Creating a Custom Conda Environment

You can create your own environment and install PyTorch via pip. Note that cloning the global pytorch environment won’t include PyTorch itself, as it was installed via pip. Our GPUs support CUDA up to 12.9. Below are installation examples:

module load miniforge3/25.3.1-gcc-11.4.1
conda create --name my_pytorch_cuda11.8
conda activate my_pytorch_cuda11.8
pip install torch torchvision torchaudio --index-url https://download.pytorch.org/whl/cu118

module load miniforge3/25.3.1-gcc-11.4.1
conda create --name my_pytorch_cuda12.6
conda activate my_pytorch_cuda12.6
pip install torch torchvision torchaudio

module load miniforge3/25.3.1-gcc-11.4.1
conda create --name my_pytorch_cuda12.8
conda activate my_pytorch_cuda12.8
pip install torch torchvision torchaudio --index-url https://download.pytorch.org/whl/cu128

Verifying GPU Availability

After installing PyTorch and activating your environment, you can verify that PyTorch detects the available GPUs by using the following Python commands on a GPU node:

import torch

print("CUDA available:", torch.cuda.is_available())
print("Number of GPUs:", torch.cuda.device_count())
if torch.cuda.is_available():
    print("Current GPU:", torch.cuda.get_device_name(torch.cuda.current_device()))

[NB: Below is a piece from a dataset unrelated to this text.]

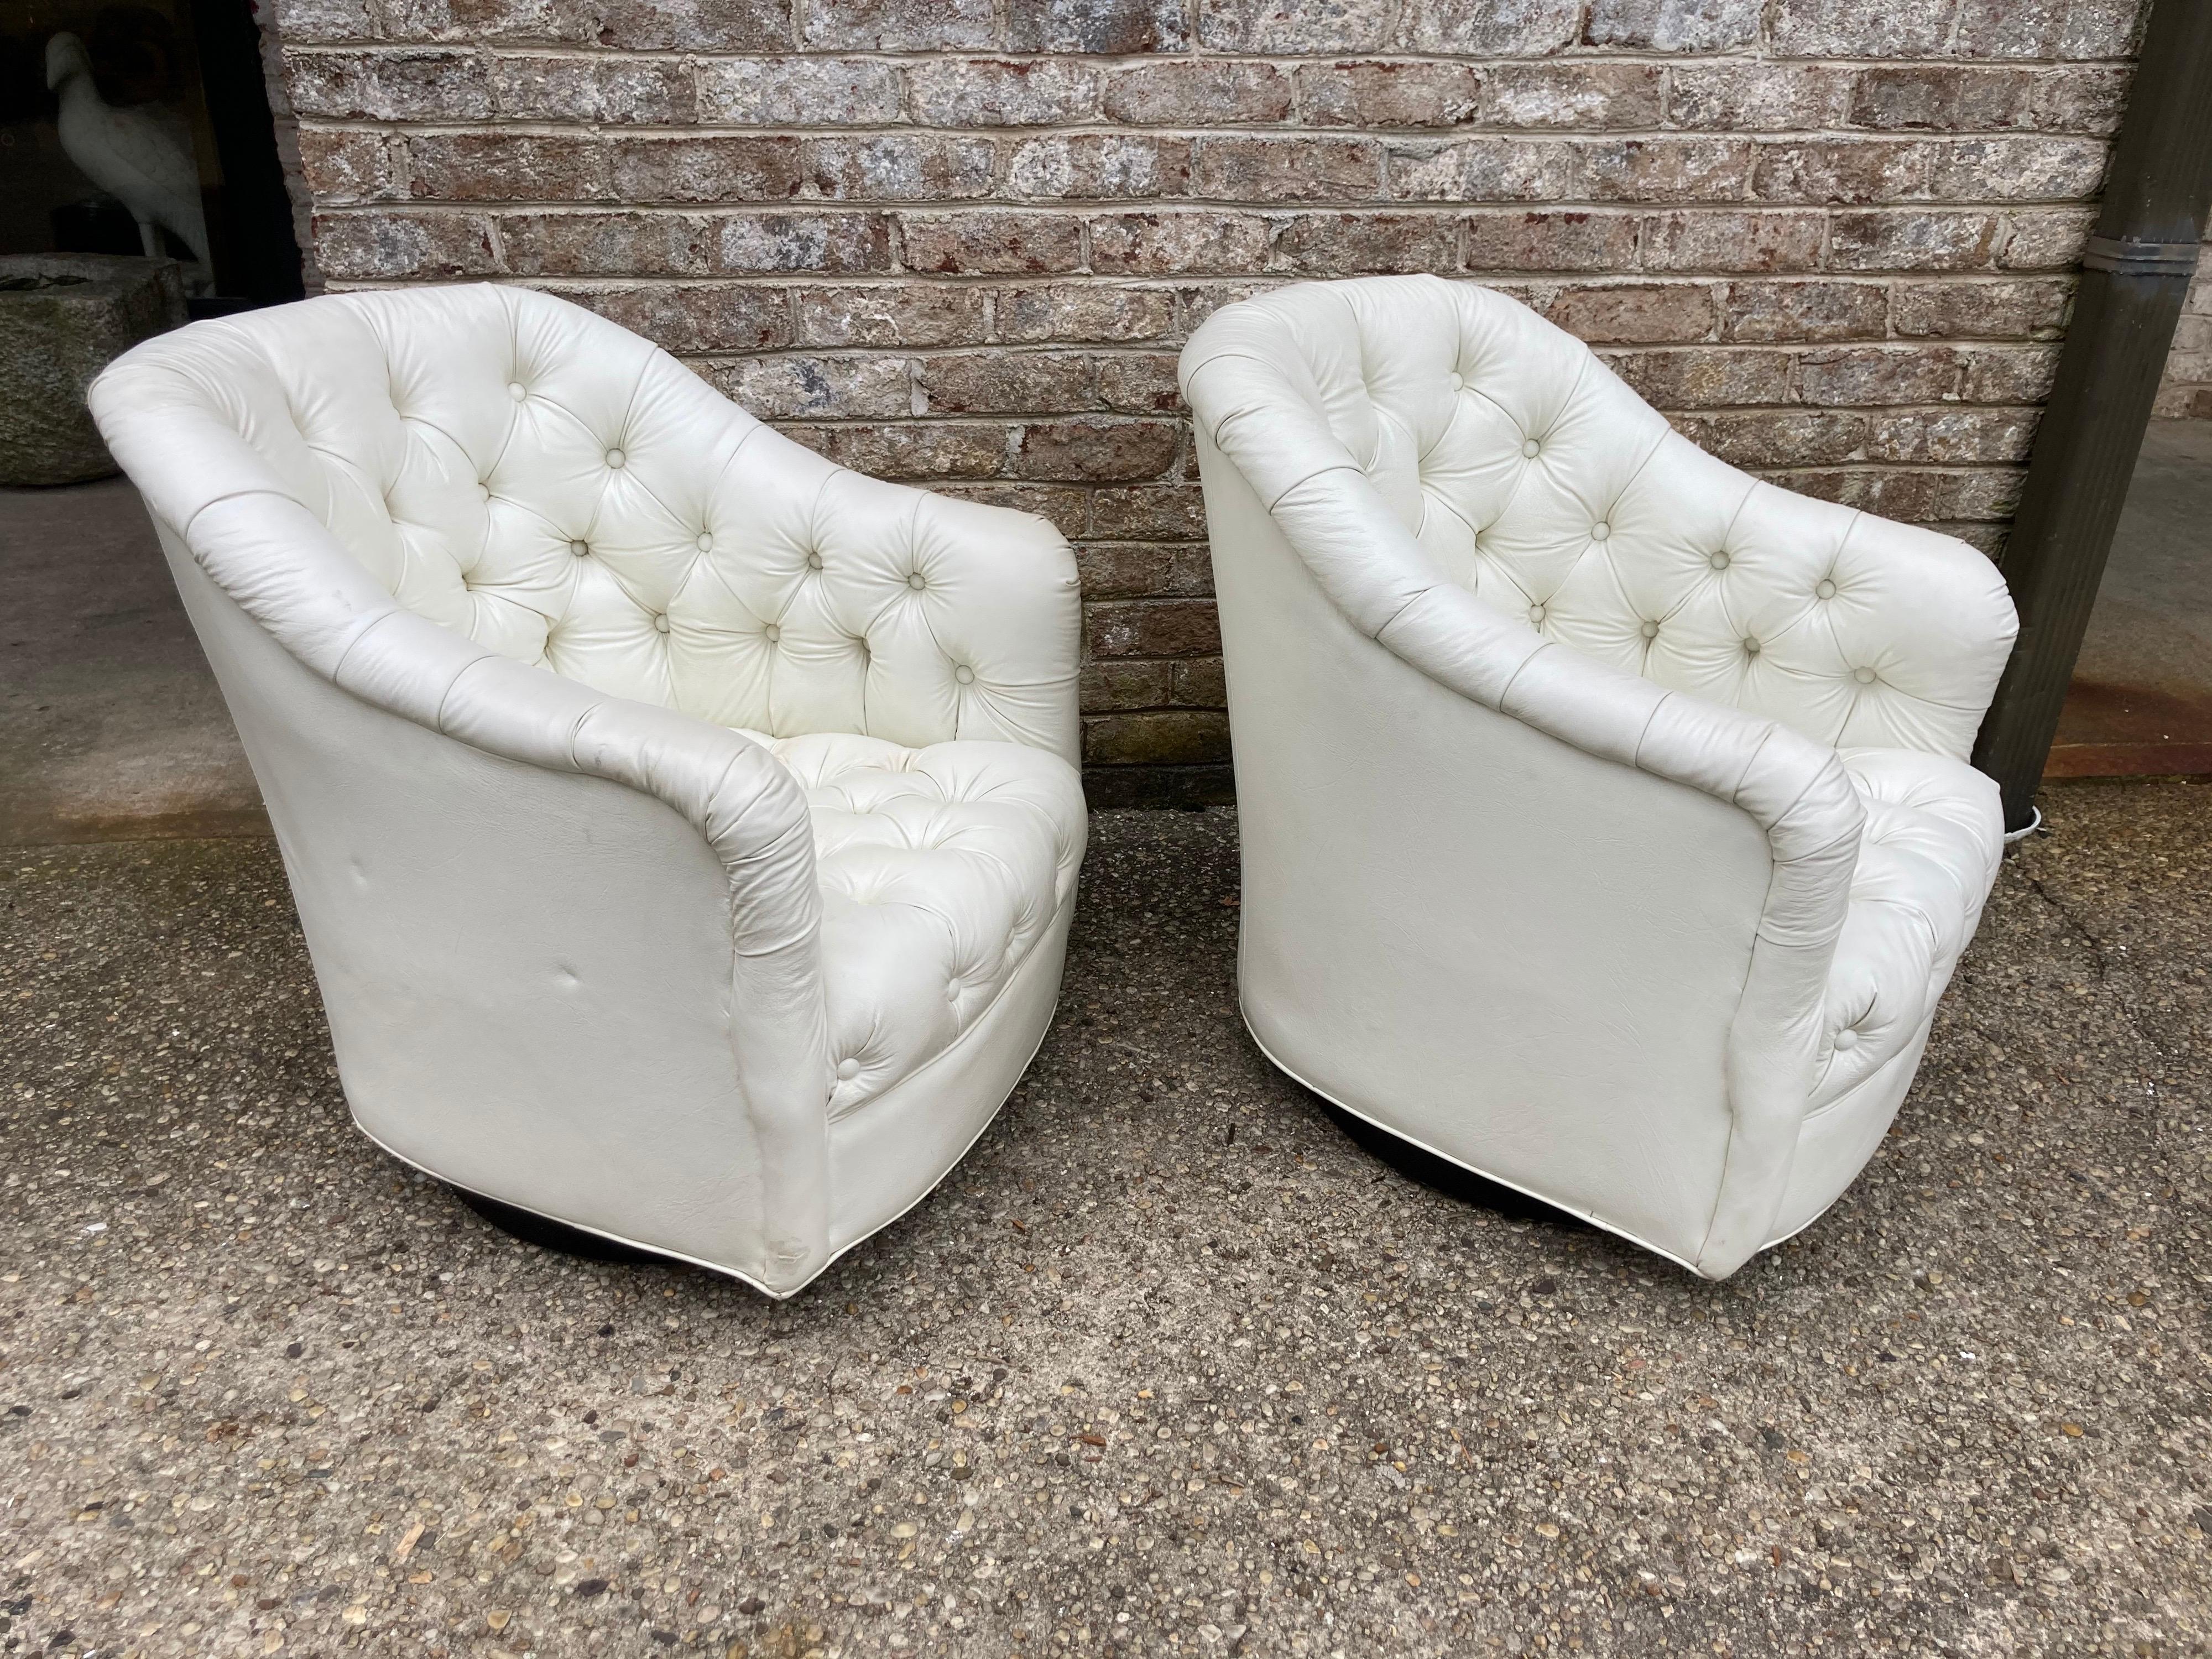 Pair of Ward Bennett style swivel armchairs in original white upholstery.

Remember you’ll need to request an interactive or batch job to be able to ssh into a GPU node. For example:

# Submit interactive job
srun --partition=gpu1h100 --job-name test_my_pytorch_env \
    --time=05:00 --nodes=1 --gpus=1 --ntasks-per-node=1 \
    --pty /bin/bash -i

# Create python file to test pytorch
cat <<EOF > pytorch_test.py
import torch

print("CUDA available:", torch.cuda.is_available())
print("Number of GPUs:", torch.cuda.device_count())
if torch.cuda.is_available():
    print("Current GPU:", torch.cuda.get_device_name(torch.cuda.current_device()))
EOF

# Execute the test program
module load miniforge3/25.3.1-gcc-11.4.1
conda activate my_pytorch_env
python pytorch_test.py

If CUDA is available and at least one GPU is detected, you should see output similar to:

CUDA available: True
Number of GPUs: 1
Current GPU: NVIDIA H100 NVL

Note

If torch.cuda.is_available() returns False, ensure that:

You are running on a compute node with GPU access (not a login or cpu node).
Your job explicitely requests 1 or more GPUs (e.g. --gpus=2, --gpus-per-node=2)
Your environment includes a PyTorch build with CUDA support.
The appropriate GPU drivers and CUDA libraries are available on the system.

Using GPUs in PyTorch

Once you’ve confirmed that your custom PyTorch environment detects the GPUs, you can start using it for computations. Below are common usage patterns:

Moving Tensors to GPU

You can move tensors to the GPU using the .to() or .cuda() methods:

import torch

# Create a tensor on the CPU
x_cpu = torch.randn(3, 3)

# Move it to the GPU (if available)
device = torch.device("cuda" if torch.cuda.is_available() else "cpu")
x_gpu = x_cpu.to(device)

print("Tensor device:", x_gpu.device)

Model Training on GPU

To train a model on the GPU, both the model and the data must be moved to the GPU:

import torch
import torch.nn as nn
import torch.optim as optim

# Dummy model
class SimpleModel(nn.Module):
    def __init__(self):
        super().__init__()
        self.linear = nn.Linear(10, 1)

    def forward(self, x):
        return self.linear(x)

device = torch.device("cuda" if torch.cuda.is_available() else "cpu")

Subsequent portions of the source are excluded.